1) And (5) controlling the quality of the machine-off data and filtering a low-quality sequence: the overall required data size is greater than 90G, and the reads average length is greater than 10kb; meanwhile, only the sequence with the mass more than or equal to 10 and the length more than or equal to 1000bp is reserved;
2) Sequence alignment: the off-the-shelf data is compared to the human reference genome, and the step is automatically packaged, so that the free switching of a plurality of reference genome versions (hg 19, hg38 and T2T) can be realized. And finally forming a bam file and a bam.bai index file.
The haplotype typing comprises the following steps:
s201: performing mutation detection and screening SNPs on the sample processing result;
the detailed steps are as follows:
1) And (3) mutation detection: performing mutation detection by using a Docker flow of Pepper-Margin-deep;
2) Screening SNPs: SNP and IN/DEL are separated to give vcf_total.
S202: and carrying out haplotype typing and correction on the sample processing result and the screened SNPs to obtain a final haplotype result.

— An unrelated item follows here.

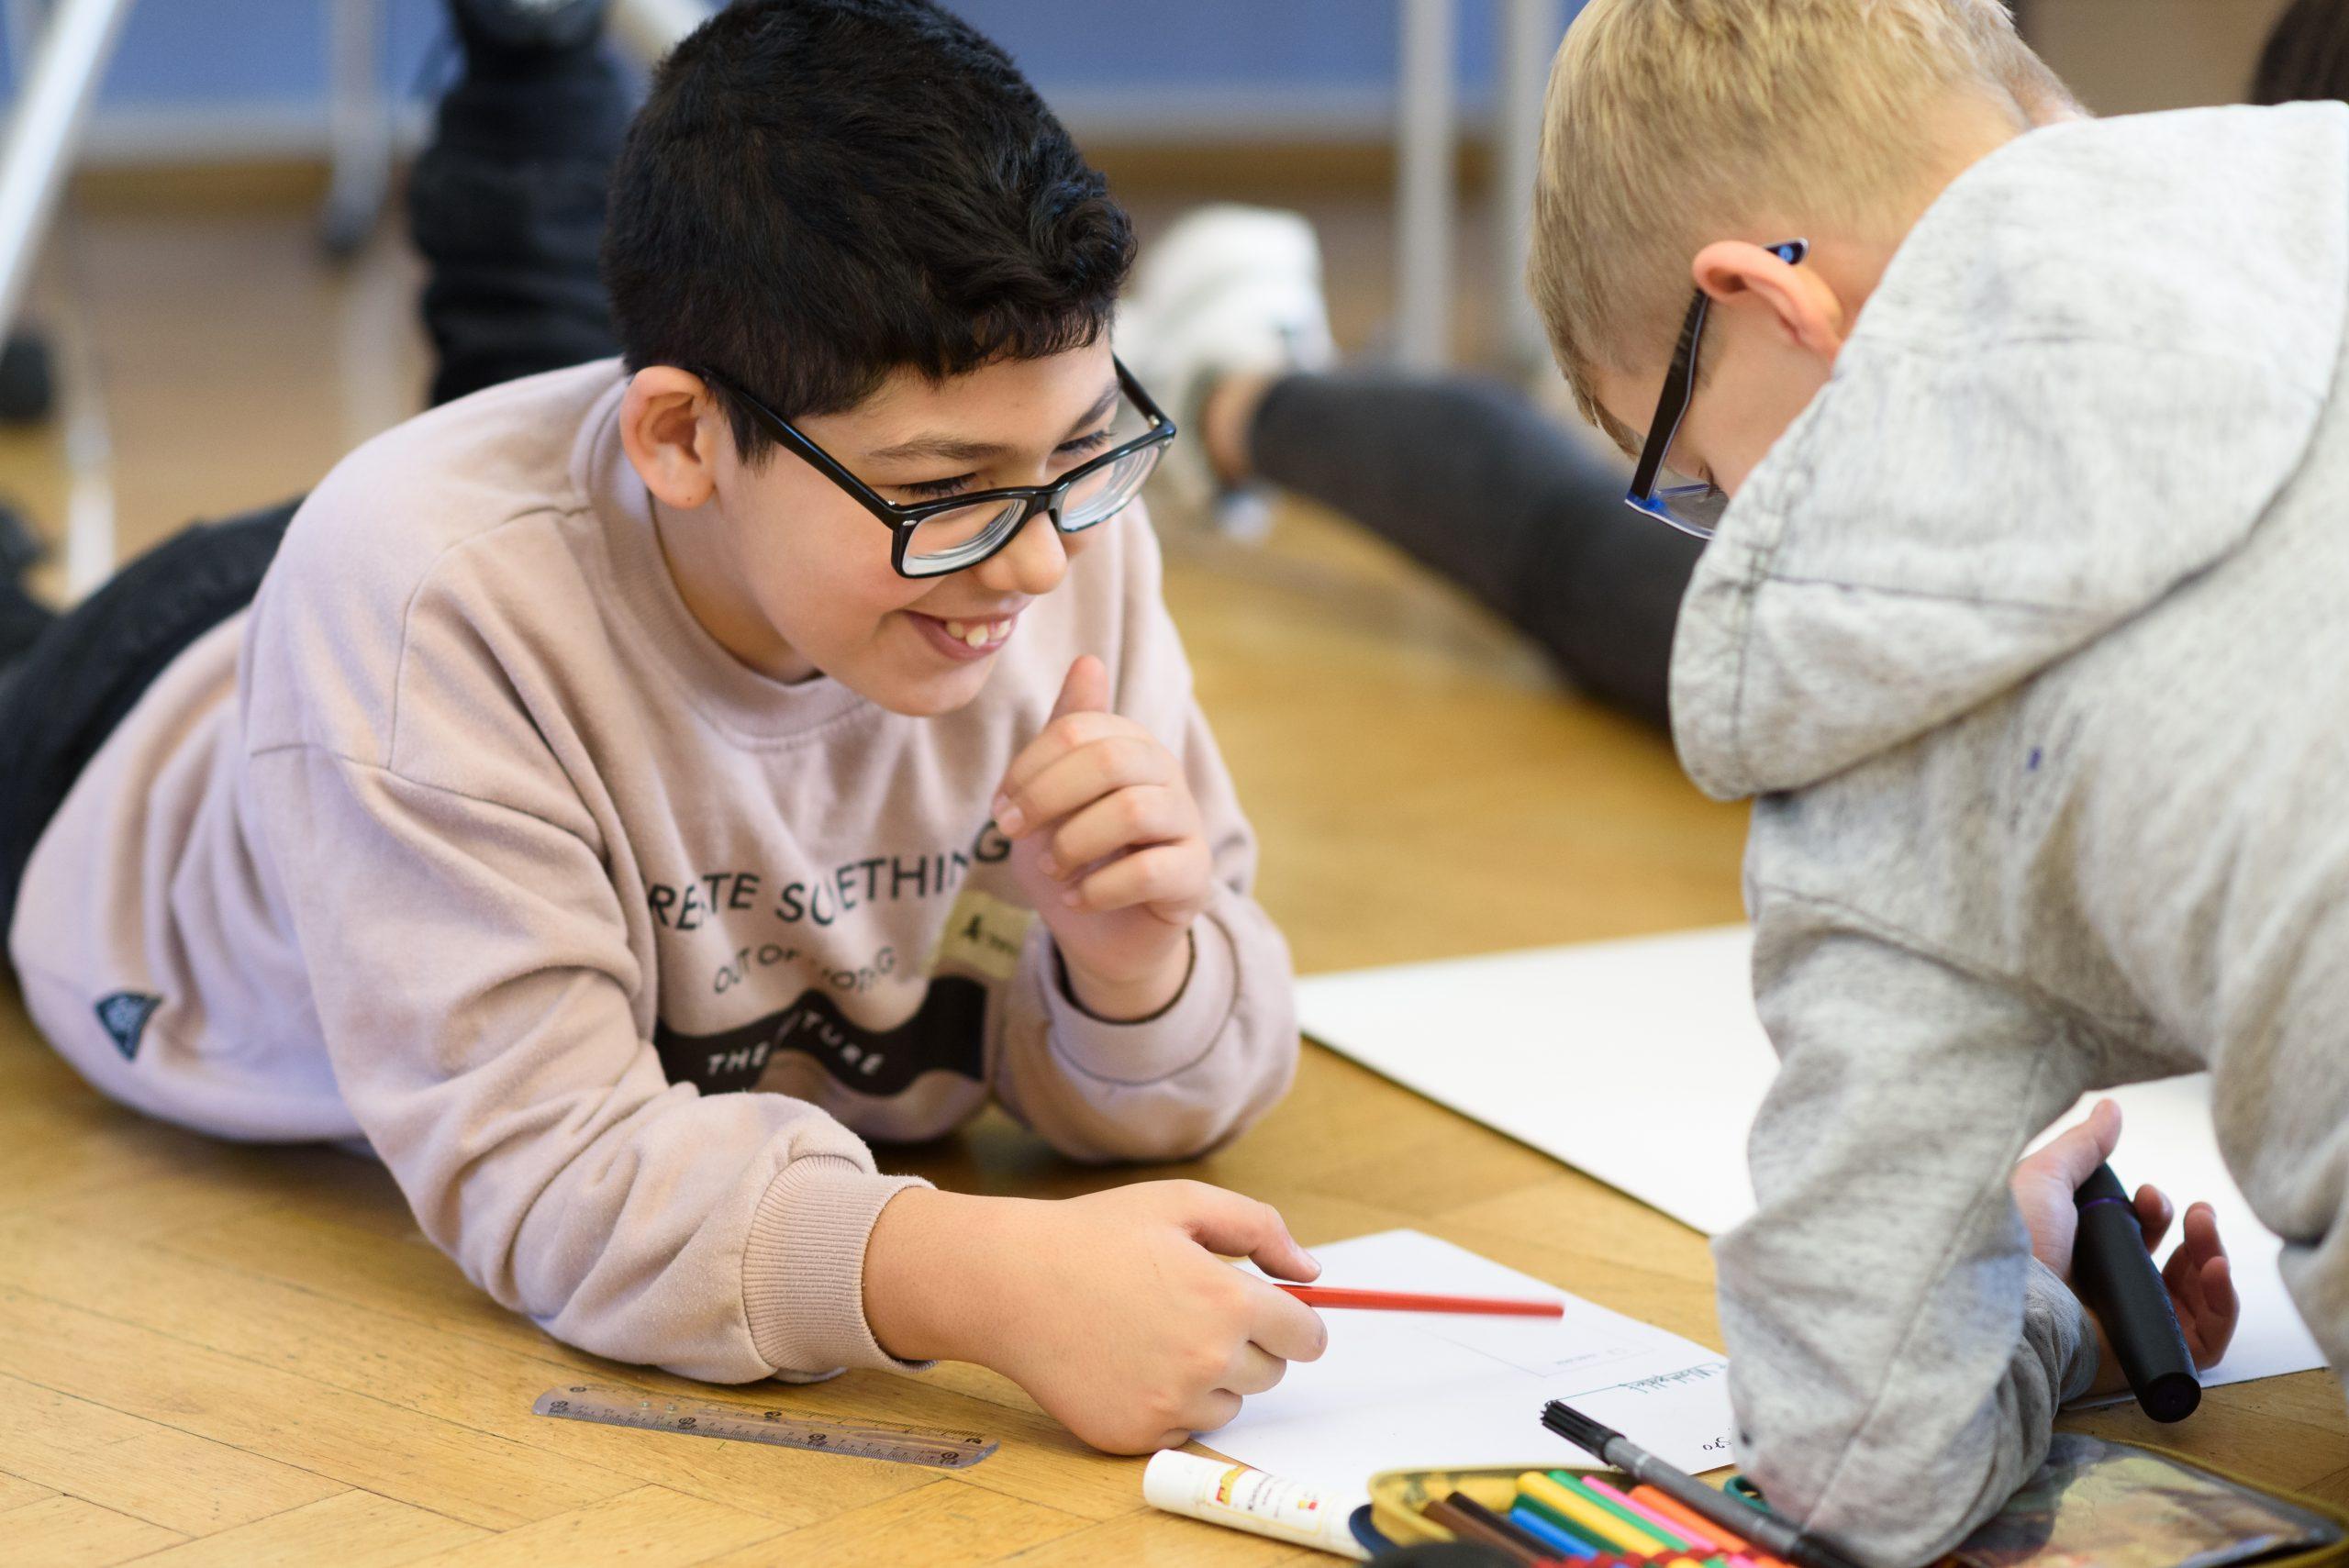 Auf dem Bild sieht man zwei Personen auf dem Boden liegen und mit Buntstiften auf einem Blatt malen. Die eine Person lächelt. © Servicestelle Jugendbeteiligung e. V. 2019

The detailed steps are as follows:
1) Carrying out Margin typing on sample processing results and screened SNPs, wherein the method comprises the following steps:
a. parting: parting is carried out by using Margin software, and a bam file containing parting results is obtained;
b. cutting a Bam file, and dividing the Bam file into HP 1-Bam and HP 2-Bam according to the parting result in the Bam file;
c. mutation detection (HP 1, HP 2) for detecting the mutation of the HP1, HP2 parts;
d. screening SNPs, namely separating the SNP from the IN/DEL to obtain vcf_HP1 and vcf_HP2;
e. inputting vcf_HP1, vcf_HP2 and vcf_total, and combining a pre-designed parting decision tree to obtain a final parting result;
2) The samples were processed and screened SNPs were WhatsHap typed as follows:
a. parting: typing by using WhatsHap software to obtain a bam file containing a typing result;
b. result processing and integration: processing the WhatsHap original result, and converting the WhatsHap original result into a format which is easy to view later by combining a parting decision tree;
3) And (3) combining a Magrin typing route and a WhatsHap typing route, comparing, correcting and optimizing the obtained pathogenic chain haplotype.
The parting decision tree consists of a parting decision tree training module and a parting decision tree prediction module;
the typing decision tree training module comprises the following steps:
1) Sorting is carried out based on the historical sample typing result, and mainly comprises the following steps: classifying supervision labels, labeling results, standardizing data, normalizing, randomly disturbing and the like;
2) Constructing a deep learning neural network initialization model, and preliminarily determining super parameters such as the structure (the number of layers and the number of neurons) of the neural network, the total training times, the number of single-batch training samples, the gradient learning rate, the dropout proportion, the regularization type and weight, the activation function, the loss function and the like;
3) Inputting the training data in the step 1), fine-tuning the super parameters in the step 2), and training a parting decision tree with the optimal verification set on the GPU server.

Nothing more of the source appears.